Со мной могло произойти много чего нехорошего. Меня могли даже, согласно угрозе, расчленить и четвертовать, а учитывая размер потенциального орудия убийства, мне предстояла бы очень долгая и мучительная смерть. Однако этого не произошло. По крайней мере, в тот день.

За спиной Колотой появилась Бритая и начала настойчиво хлопать ее по плечу. Когда та обернулась, Бритая указала глазами на коридор, откуда доносился голос охранника.
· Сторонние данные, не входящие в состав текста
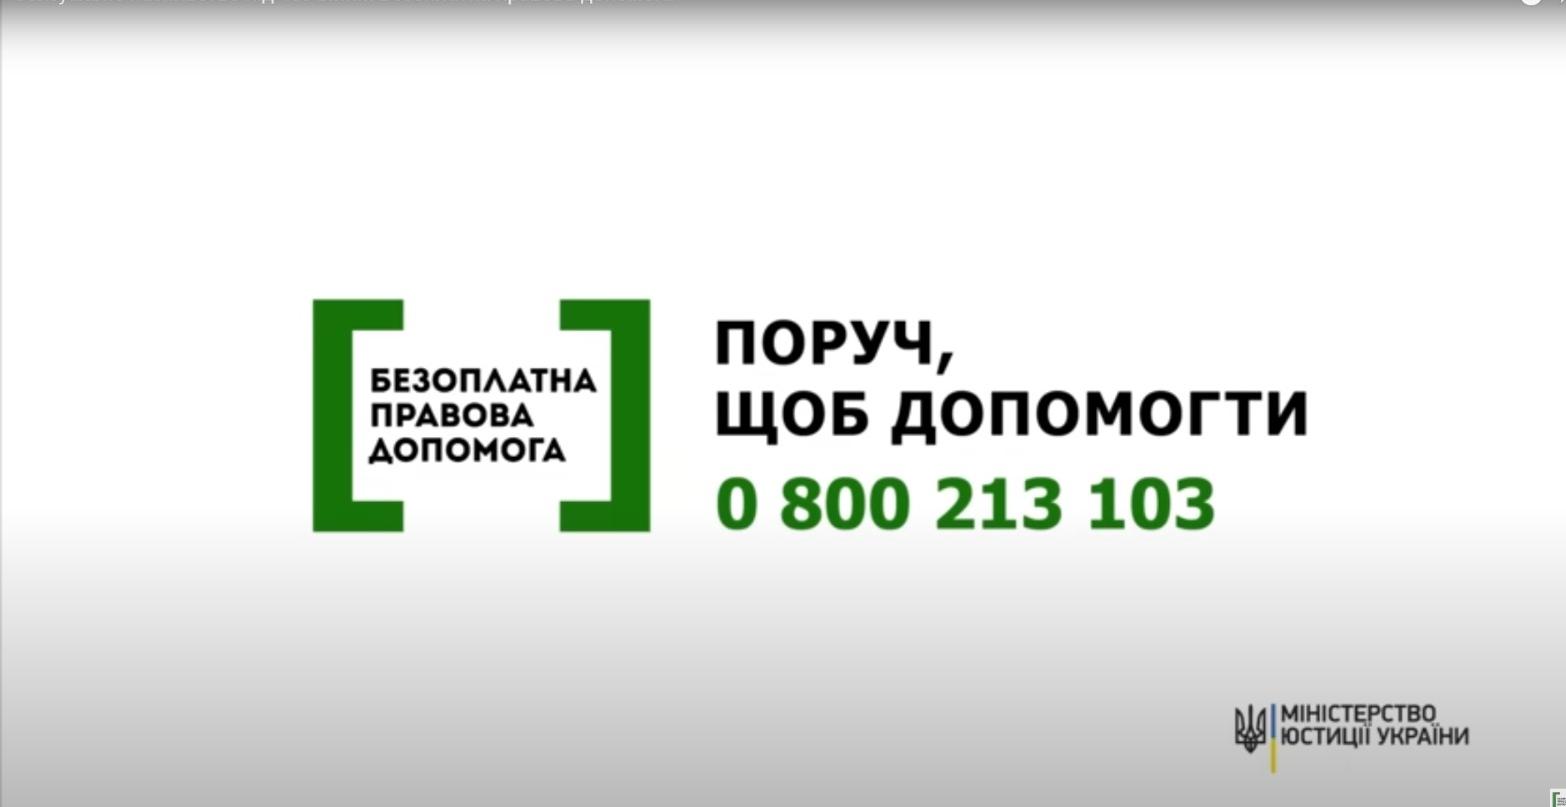 Під егідою Міністерства юстиції України стартувала інформаційна кампанія системи надання безоплатної правової допомоги для постраждалих від сексуального насильства під час війни та домашнього насильства

– Разговорчики! – гремел мужской голос. – Работаем молча!

– Я до тебя еще доберусь! – выдавила сквозь стиснутые зубы Колотая.
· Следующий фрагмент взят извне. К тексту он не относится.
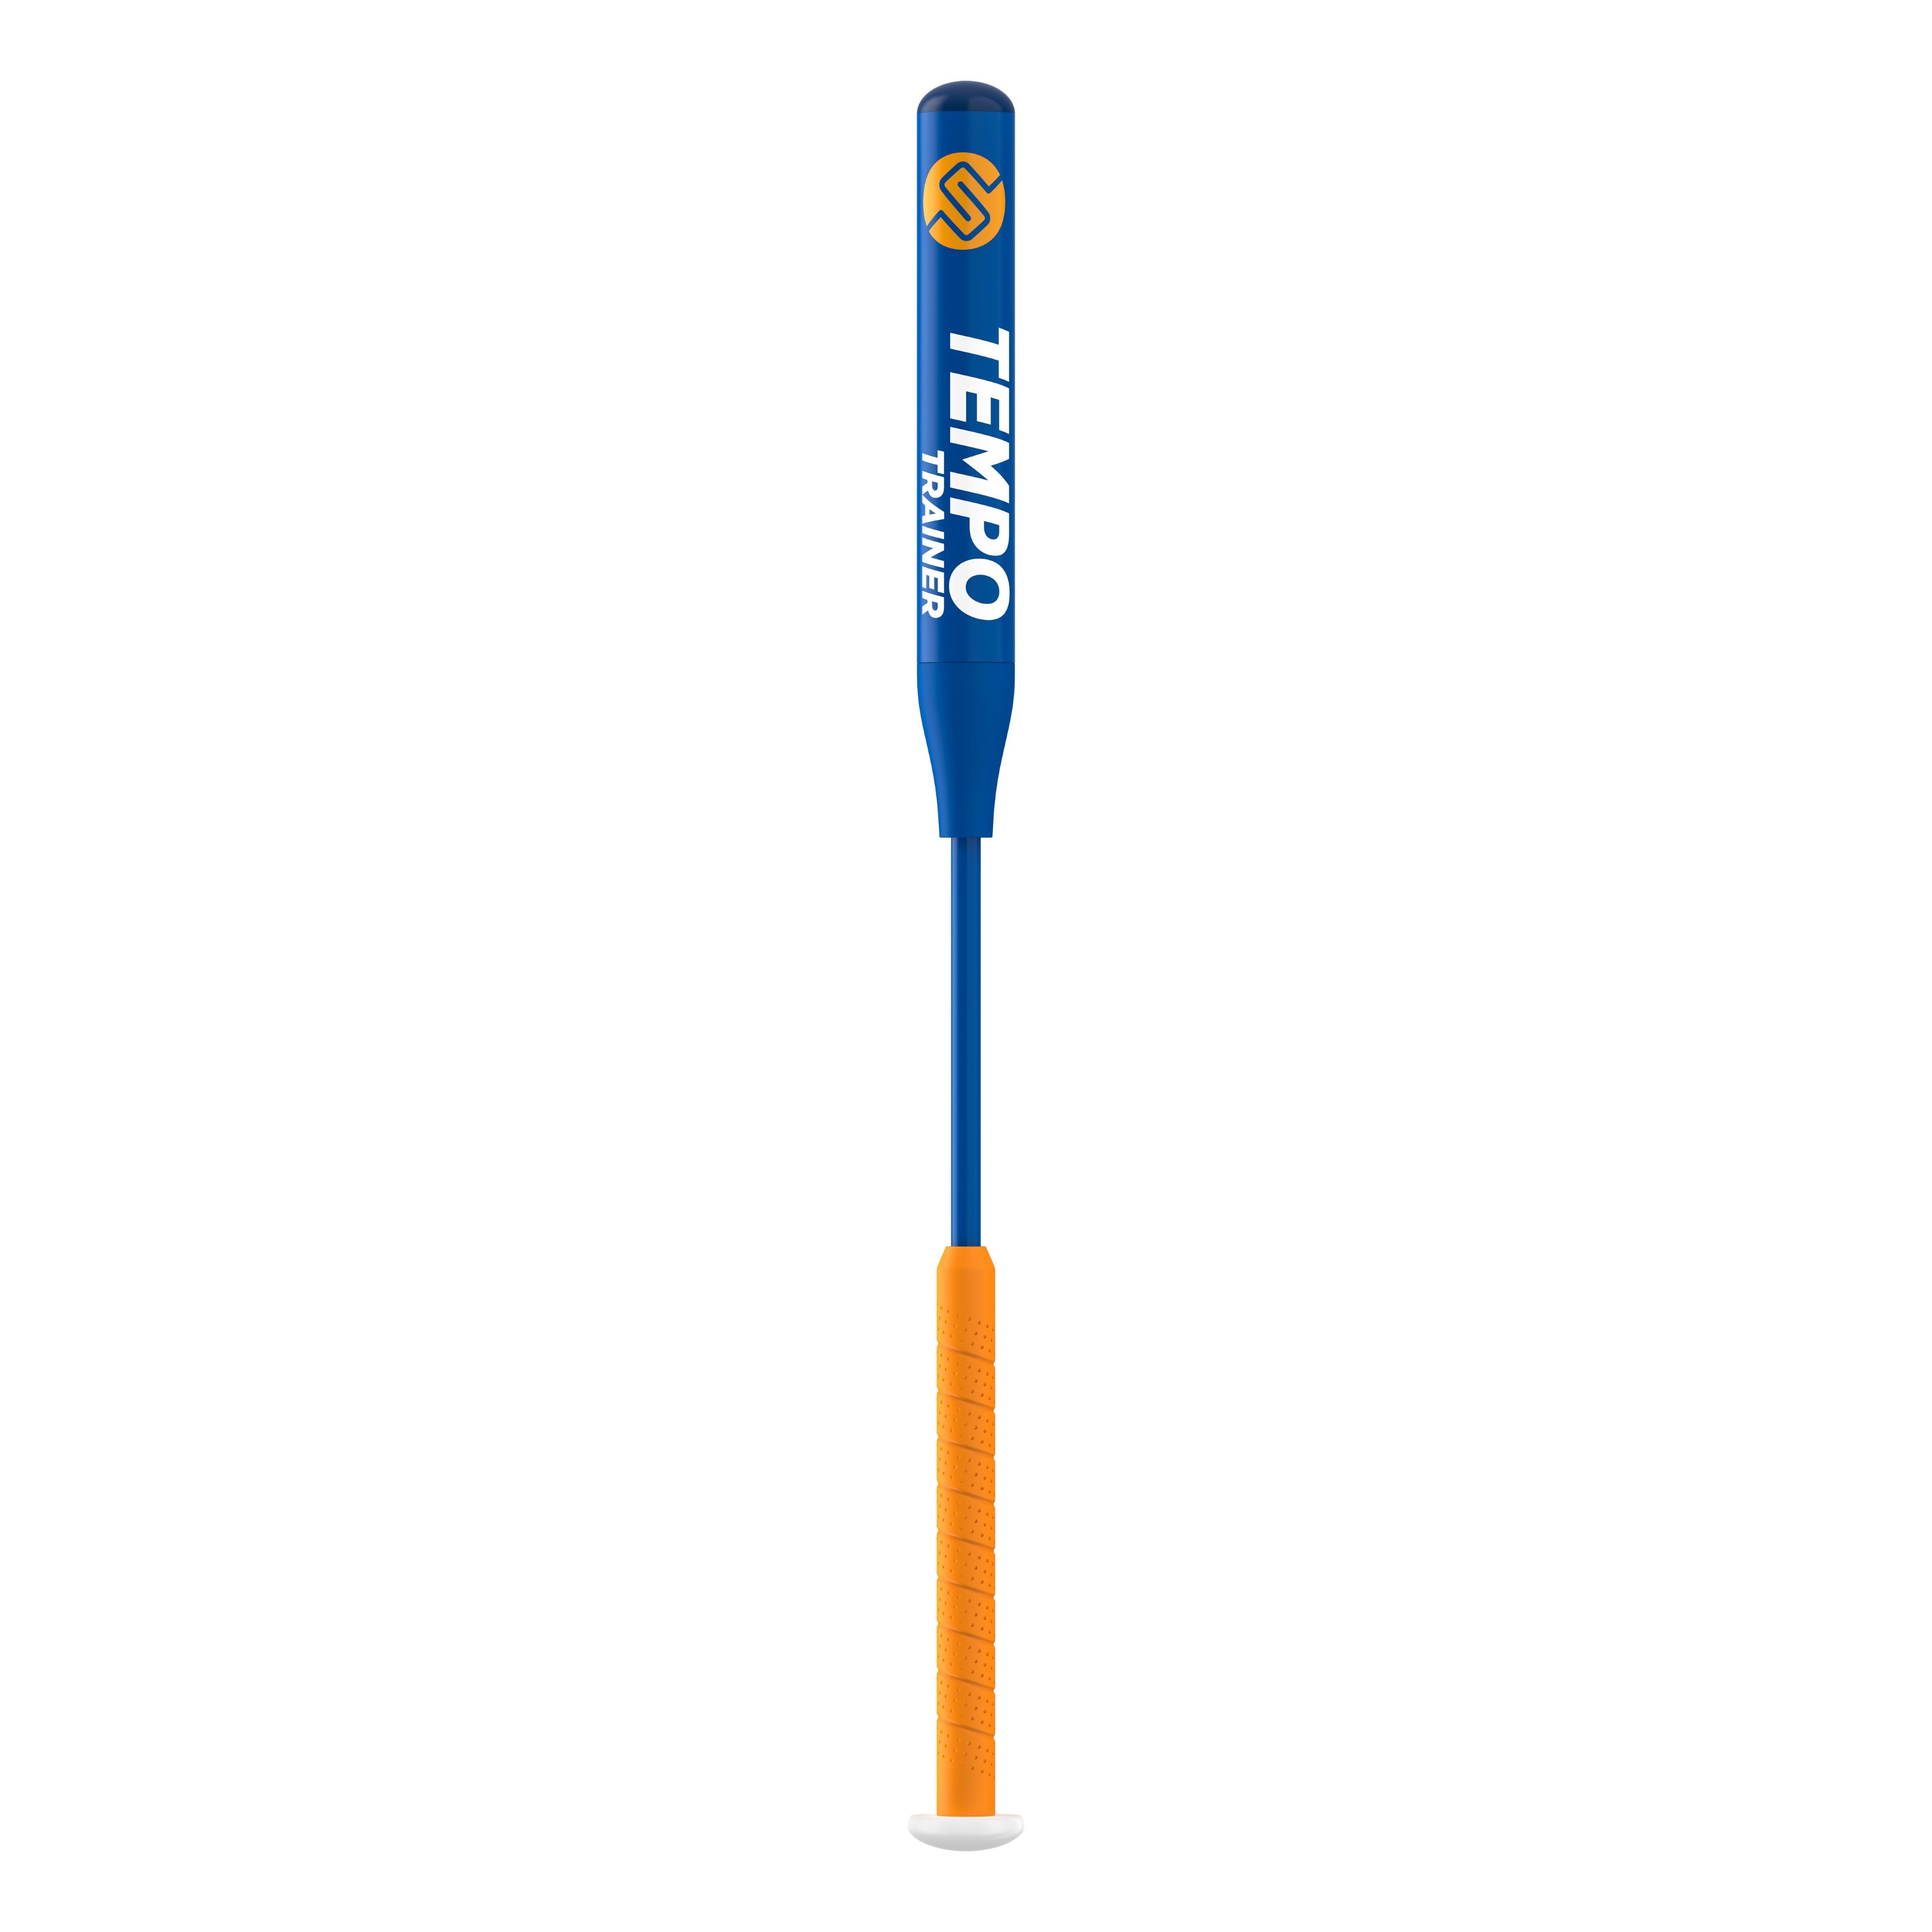 baseball training bat orange and blue with white text

– Доберусь? Я не очень понимаю, чего конкретно мне ждать, – заявила я.

– Узнаешь, сучка.

Она провела ложкой по моей шее.

Как же больно.

– Ты меня порезала! – крикнула я.

Колотая быстро вернулась к двери как раз перед тем, когда подошел Чурбан, встревоженный моим криком.

– Что здесь происходит? – спросил он неприятным голосом.
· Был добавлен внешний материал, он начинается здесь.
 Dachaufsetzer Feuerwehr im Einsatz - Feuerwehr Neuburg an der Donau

– Ничего, – ответила Колотая.

– Почему вы кричали? – Он поглядел на меня.

Все думают, что легко подавить свои эмоции и держать язык за зубами. Но это не так. Это легко только в том случае, если вы сами не были в такой ситуации. И вы не знаете, как это больно!

– Она на меня напала! – воскликнула я, указывая на Колотую.

– Я? – притворно удивилась та.

– Это правда? – спросил охранник.

– Да! – воскликнула я. – Она хотела меня выпотрошить, четвертовать, вырвать кишки и отрезать голову!

– Чем?

– Чайной ложкой.

– Ложкой? Где ложка?

– Что за беспомощность?! Только где и куда! Где ей быть?! В заднице! Дорогой многоуважаемый гражданин начальник, в заднице!

Он посмотрел на меня и тяжело вздохнул:

– Ох, Вильконьская, Вильконьская, я последний раз вас прощаю, потому что это ваш первый день. – Он посмотрел на остальных: – А вам вызвать опергруппу?

– Валяйте, – жестко ответила спортсменка. – Вы прекрасно знаете, что, если они войдут в камеру, мы им яйца оторвем.

Он покачал головой, как воспитательница детского сада непослушным детям, и вышел в коридор.

Зеленая пластиковая тарелка, зельц, масло, творог, джем, помидор. Бритая не стала заговорщически смотреть в сторону коридора, ведь охранник стоял совсем рядом, а протянула мне целую буханку хлеба. Кажется, он совсем не был просрочен. Сколько же он стоил? И какой мягкий! Даже мои мышцы были тверже.

Пока я размышляла, Колотая как бы ненароком задела мою тарелку так, что ее содержимое упало на пол.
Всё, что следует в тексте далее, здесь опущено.